S Block Elements Notes Class 11 Chapter 10 Chemistry

What is s block elements Notes Class 11?

The S block elements is a chapter of chemistry in Class 11 of NCERT books. The chapter highlights the elements of the first two groups of the periodic table, which are collectively known as the s block elements.

What elements are in S block?

The elements in which the last electron enters the outermost s-orbital, belong to the s-block of elements. As the s-orbital can accommodate only two electrons, two groups (1 & 2) belong to the s-block of the periodic table.

Group 1 of the periodic table consists of the elements: lithium (Li), sodium (Na), potassium (K), rubidium (Rb), caesium (Cs) and francium (Fr).

Collectively known as the alkali metals, because they form hydroxides on reaction with water, which are strongly alkaline in nature.

What are alkaline earth metals and why are they called so?

The elements of Group 2 include beryllium (Be), magnesium (Mg), calcium (Ca), strontium (Sr), barium (Ba) and radium (Ra). These elements with the exception of beryllium are commonly known as the alkaline earth metals. These are so-called because their oxides and hydroxides are alkaline in nature and these metal oxides are found in the earth’s crust.

TRENDS IN PHYSICAL AND CHEMICAL PROPERTIES

What is the electronic configuration of S block elements?

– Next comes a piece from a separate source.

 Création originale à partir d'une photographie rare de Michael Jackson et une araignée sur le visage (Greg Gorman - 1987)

All alkali metals have one valence electron, ns1 outside the noble gas core. The loosely held s-electrons in the outermost valence shell of these elements make them the most electropositive metals. They readily lose electrons to give monovalent M+ ions. Hence, they are never found in the free state in nature.

Alkaline earth metals have two electrons in the s-orbital of valence shell. The compounds of these elements are also predominantly ionic.

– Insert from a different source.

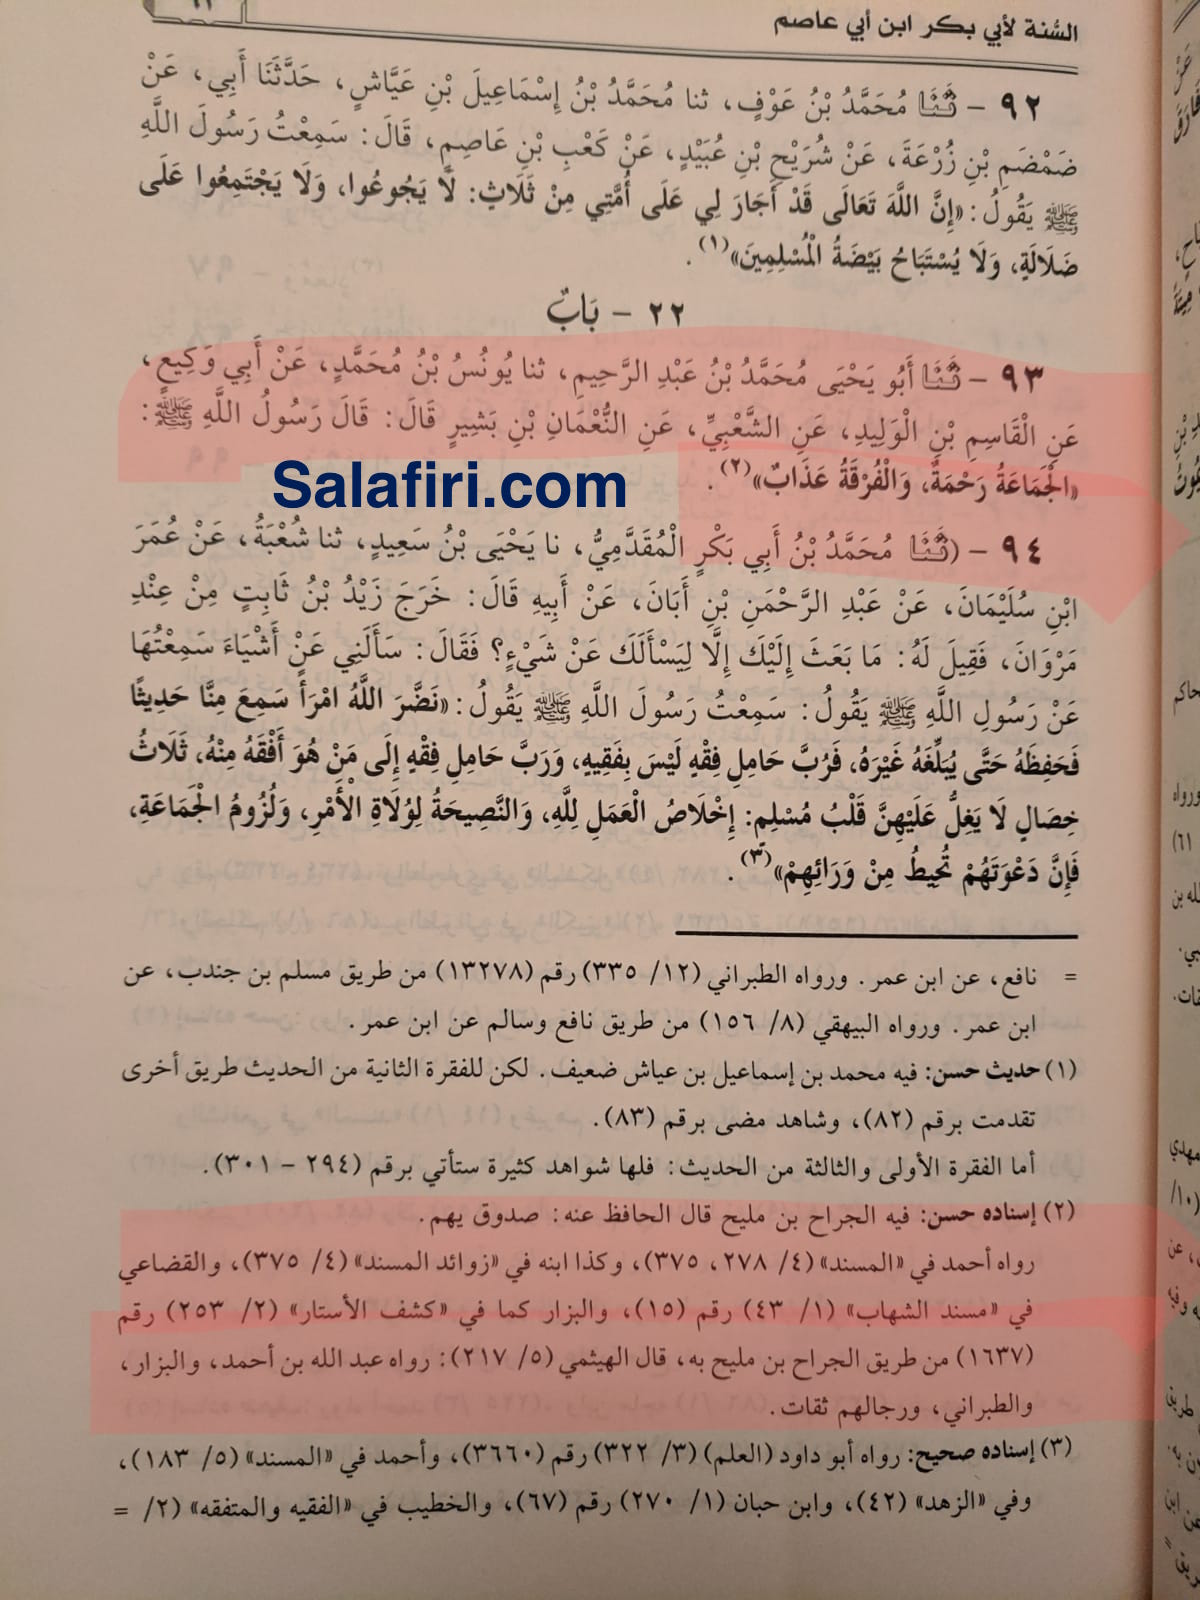 al-sunnah text.jpeg

electronic configuration of S block elements

Atomic and Ionic Radii

The alkali metal atoms have the largest size in a particular period of the periodic table. The atomic and ionic radii of alkali metals increase down the group i.e., they increase in size while going from Li to Cs. Due to the increased nuclear charge in these elements, the atomic and ionic radii of the alkaline earth metals are smaller than those of the corresponding alkali metals in the same periods. Within the group, the atomic and ionic radii increase with the increase in atomic number due to the increase in number of atomic shells.

Ionization Enthalpy

The ionization enthalpies of the alkali metals are considerably low and decrease down the group from Li to Cs. This is because the effect of increasing size outweighs the increasing nuclear charge and the outermost electron is very well screened from the nuclear charge.

The alkaline earth metals have low ionization enthalpies due to the fairly large size of the atoms. Since the atomic size increases down the group, their ionization enthalpy decreases.

Physical Properties Of S Block Elements:

All alkali metals are silvery-white, soft and light metals. This is due to having only one valence electron which participates in bonding. These elements have a low density which increases down the group from Li to Cs, because of their larger size. However, potassium is lighter than sodium because of its larger atomic volume.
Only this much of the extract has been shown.